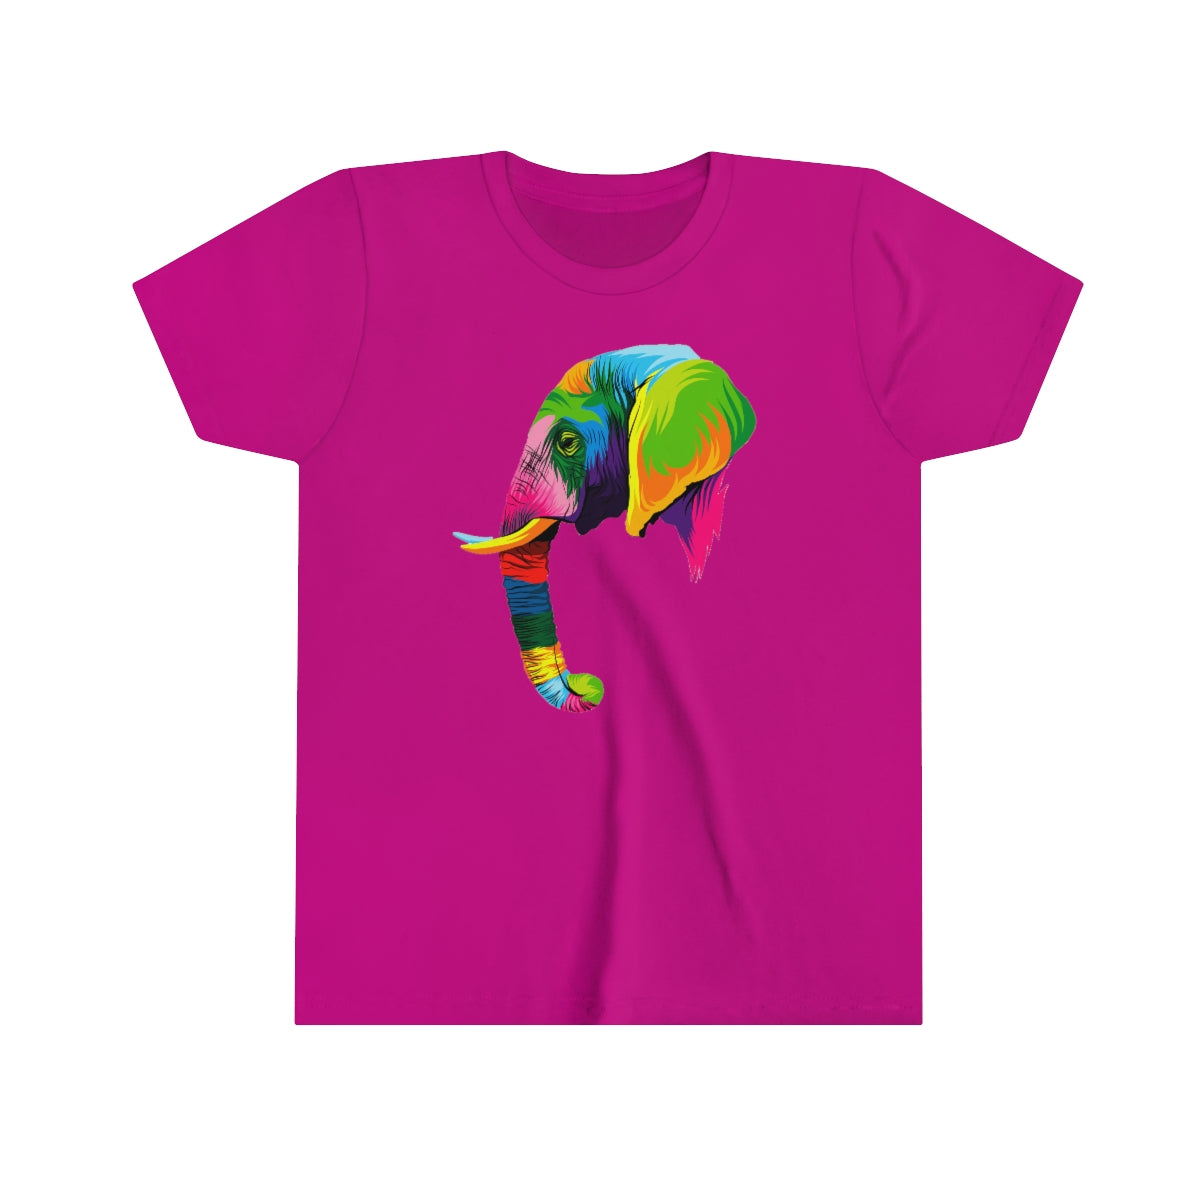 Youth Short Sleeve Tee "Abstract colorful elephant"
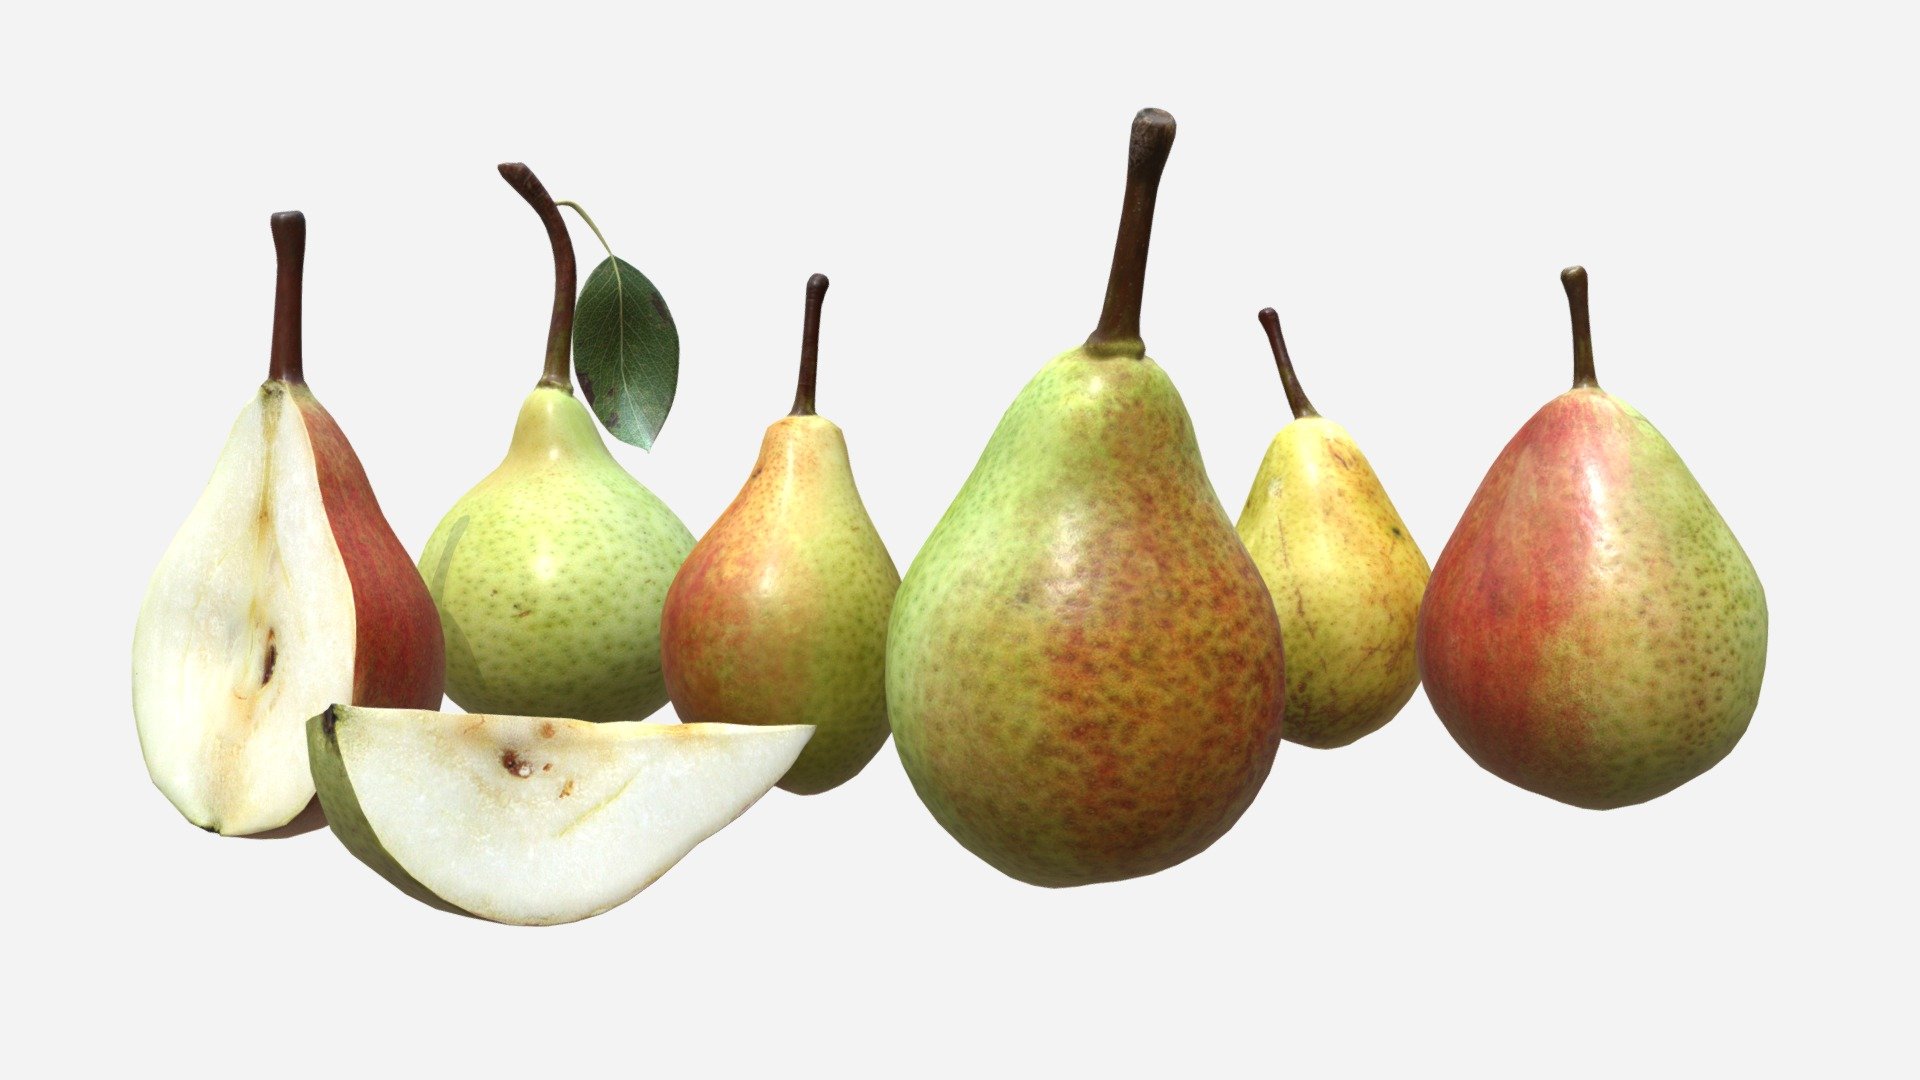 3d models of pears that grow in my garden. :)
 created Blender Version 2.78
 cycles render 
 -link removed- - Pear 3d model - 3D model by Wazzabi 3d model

-=-=-=-=-

* [Exercise description]:
Everything in the records above must be repeated exactly, apart from the pictures.

* [Solved exercise]:
 Youth Short Sleeve Tee "Abstract colorful elephant"
 3d models of pears that grow in my garden. :)
 created Blender Version 2.78
 cycles render 
 -link removed- - Pear 3d model - 3D model by Wazzabi 3d model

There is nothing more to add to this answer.